Isn’t the how really implementation specific?

> 
>  
>    Multiple valid routes for the same address and prefix length but for
>    different metric types may exist in the Local Route Set, but the
>    decision of which of these routes to install in the Routing
>    Information Base to use for forwarding is outside the scope of
>    AODVv2.
> 
> It's OK, but maybe some rules must be specified and followed. For example, the metric used must be the same: if a packet is forwarded using metric A at router X, and then metric B at router Y, it's a obvious source of loops. 

Of course, but that’s an issue of properly establishing routes, which should be specified farther along in the draft, shouldn’t it? The purpose of this paragraph is to say „you can have multiple valid routes (each following one metric type) to the same destination, but we won’t specify how to pick which metric type is most important to you (i.e. which route you trust the most).“

> 
> 4.6.  Multicast Route Message Set
> 
> Since this set is mainly for duplicate packet detection, I think some of the fields are kind of redundant. For example, an RREQ/RREP message can be identified by its originator's address and sequence number, why 6 fields (OrigAddr, OrigFprefixLen, OrigSeqNum, TargAddr, TargPrefixLen, TargSeqNum) are necessary here. 
> 
> section 5 Metrics
> 
>    In Route Request messages, the metric describes the cost of the route
>    from OrigAddr (and any other addresses included in the prefix length
>    of RREQ_Gen's Router Client entry for OrigAddr) to the router sending
>    the Route Request. 
> 
> So the metric carried in the RREQ is the metric from Router Client to the RREQ_Gen plus the metric from RREQ_Gen to the intermediate router. 
> In the Router Client Set, we have only one field for RouterClient.Cost.
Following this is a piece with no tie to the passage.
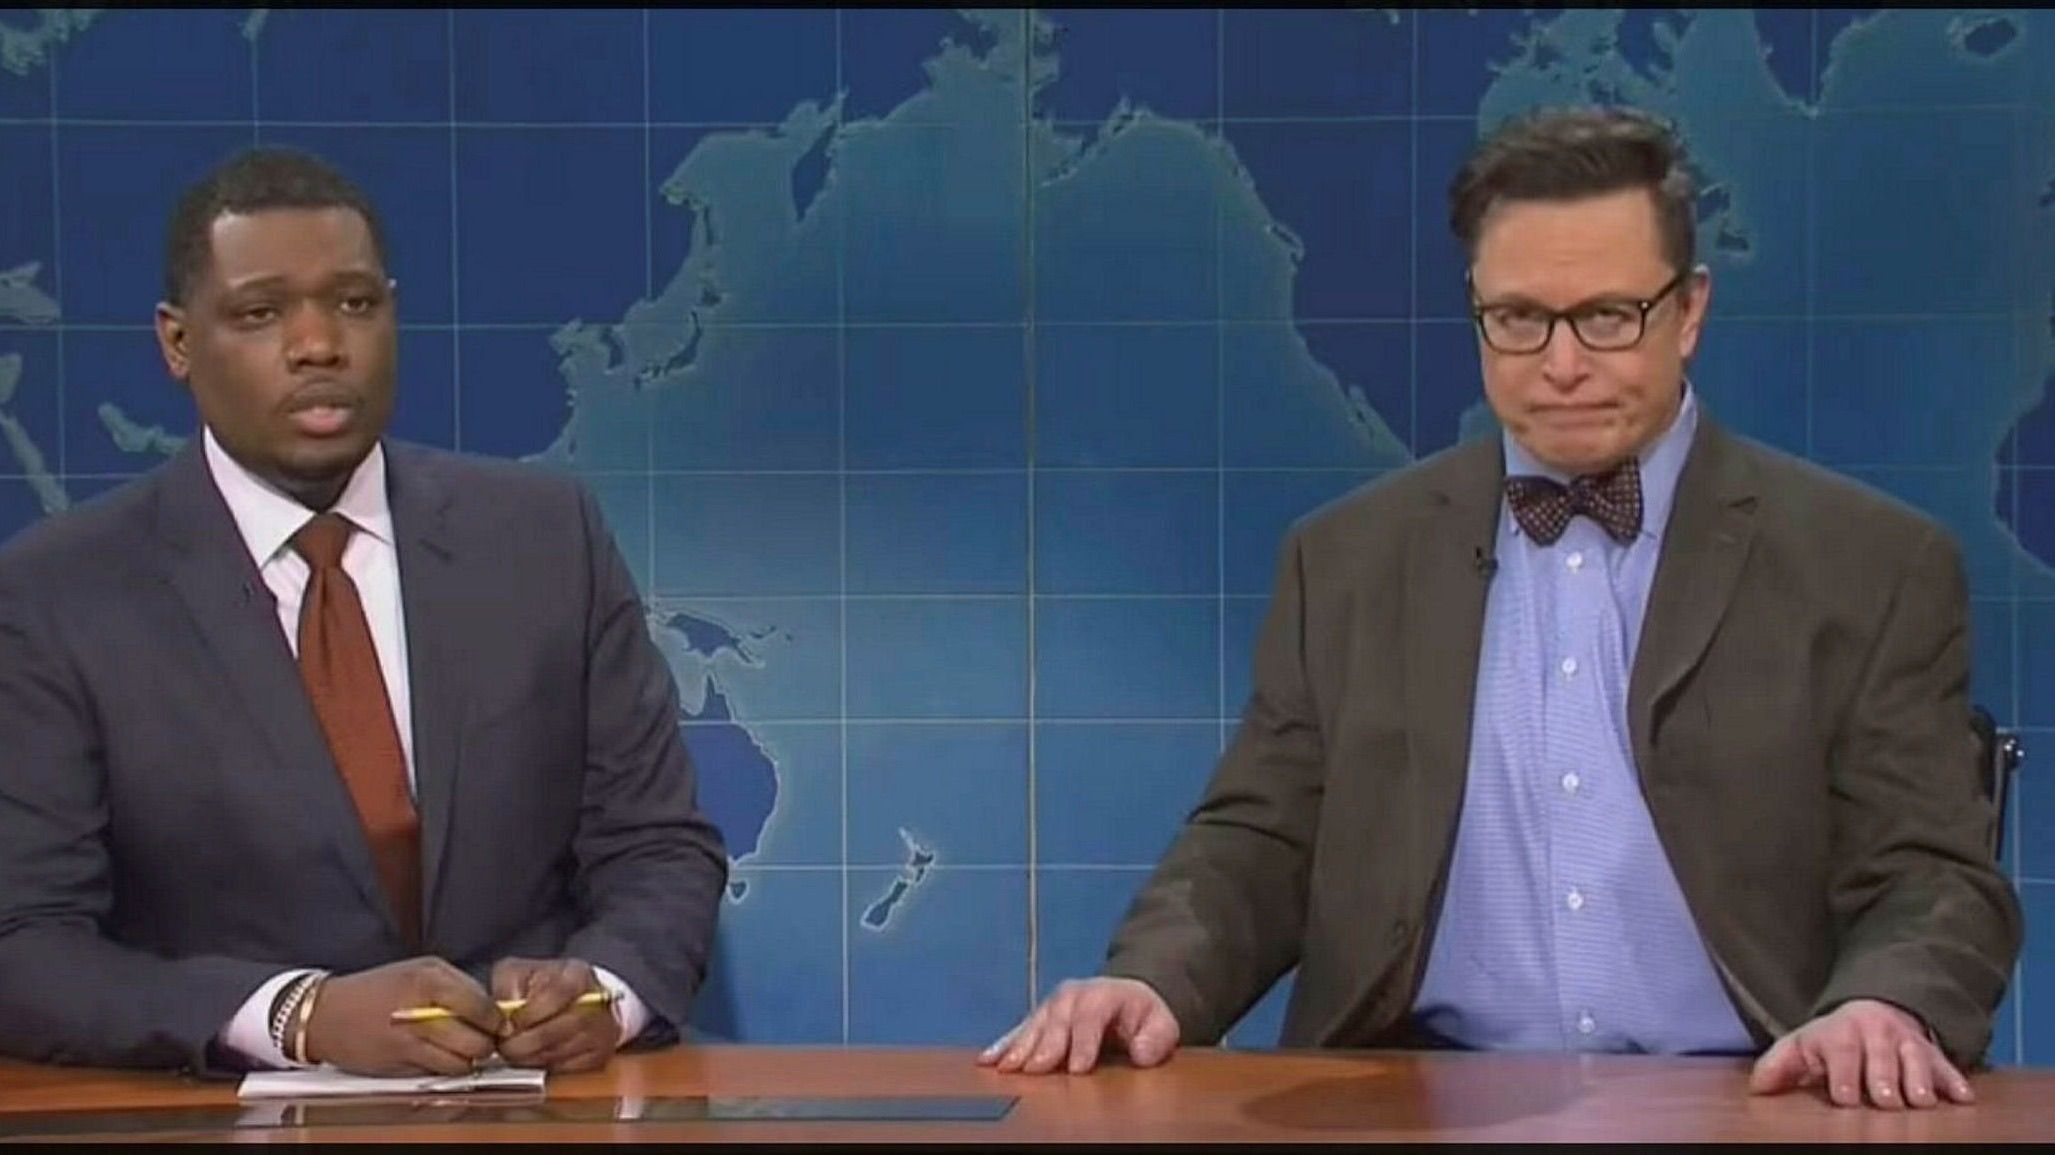 2 actors pretending to be news presenters on SNL. One is Elon Musk.

On the other hand, "AODVv2 supports different metrics". 
> 
>           routerClient.cost             AODVv2 metric 
> client-----------------------RREQ_gen---------------
> 
> What if those two metrics are of different types? This is quite possible because the two links might use different medium. 
> 
> 
> section 6 AODVv2 protocol Operations
> 
> General comments: 
> 
> I think this section is hard to read and needs some reconstruction. Generally speaking, people prefer begin from the important operations to have a big picture/general idea of the protocol functioning, and then the details. 
> With the current organization, one needs to read till section 6.6 (Route discovery, retries and buffering) before he/she could reach the core functioning of the protocol. 
> 
> I don't quite get the current organization of sections either. For example:
> 
> section 6.2 (Next hop monitoring) and section 6.3 (Neighbor set update) are very related. One is about the function, and one is about the corresponding operation. The following sections don't follow this pattern -- why not making them to one?
> 
> section 6.7.1 (Evaluating route information) and section 6.8 (Suppressing redundant messages using Multicast Route message set) seem to have some overlapped operations. They all need to check the uniqueness of the messages, compare the metrics and stop processing when duplication is detected. Although they are applied to different information bases, they are doing the same thing. 
> 
> section 6.9 (suppressing redundant RERR messages using the Route Error set) should obviously a part of section 6.10.2 (reporting invalid routes), but it's a separate section with higher hierarchy. 
> 
> more details inline:
> 
>    If such an entry does not exist, a new entry is created as described
>    in Section 6.3.  While the value of Neighbor.State is Unknown,
>    acknowledgement of RREP messages sent to that neighbor MUST be
>    requested. ...
> 
> I think we need to precise this is one for the case of RREP transmission. 
> 
> section 6.3
> 
>    If an external mechanism reports a link as broken, the Neighbor Set
>    entry SHOULD be removed.
> 
> I don't know why SHOULD, not MUST is used here. In fact, this is the only place that I found that a Neighbor Set entry to be removed -- considering the network is with constrained devices in a dynamic environment, isn't a timer-based removing mechanisms is more adapted?
>  
>   an RREP which answers a RREQ sent within RREQ_WAIT_TIME over the
>       same interface as Neighbor.Interface
> 
> I'm not a native English speaker, so I'm not sure about it should be "a RREP" or "an RREP". But I think there is no reason to use them differently for RREQ/RREP? Need to check the consistency in the whole draft. 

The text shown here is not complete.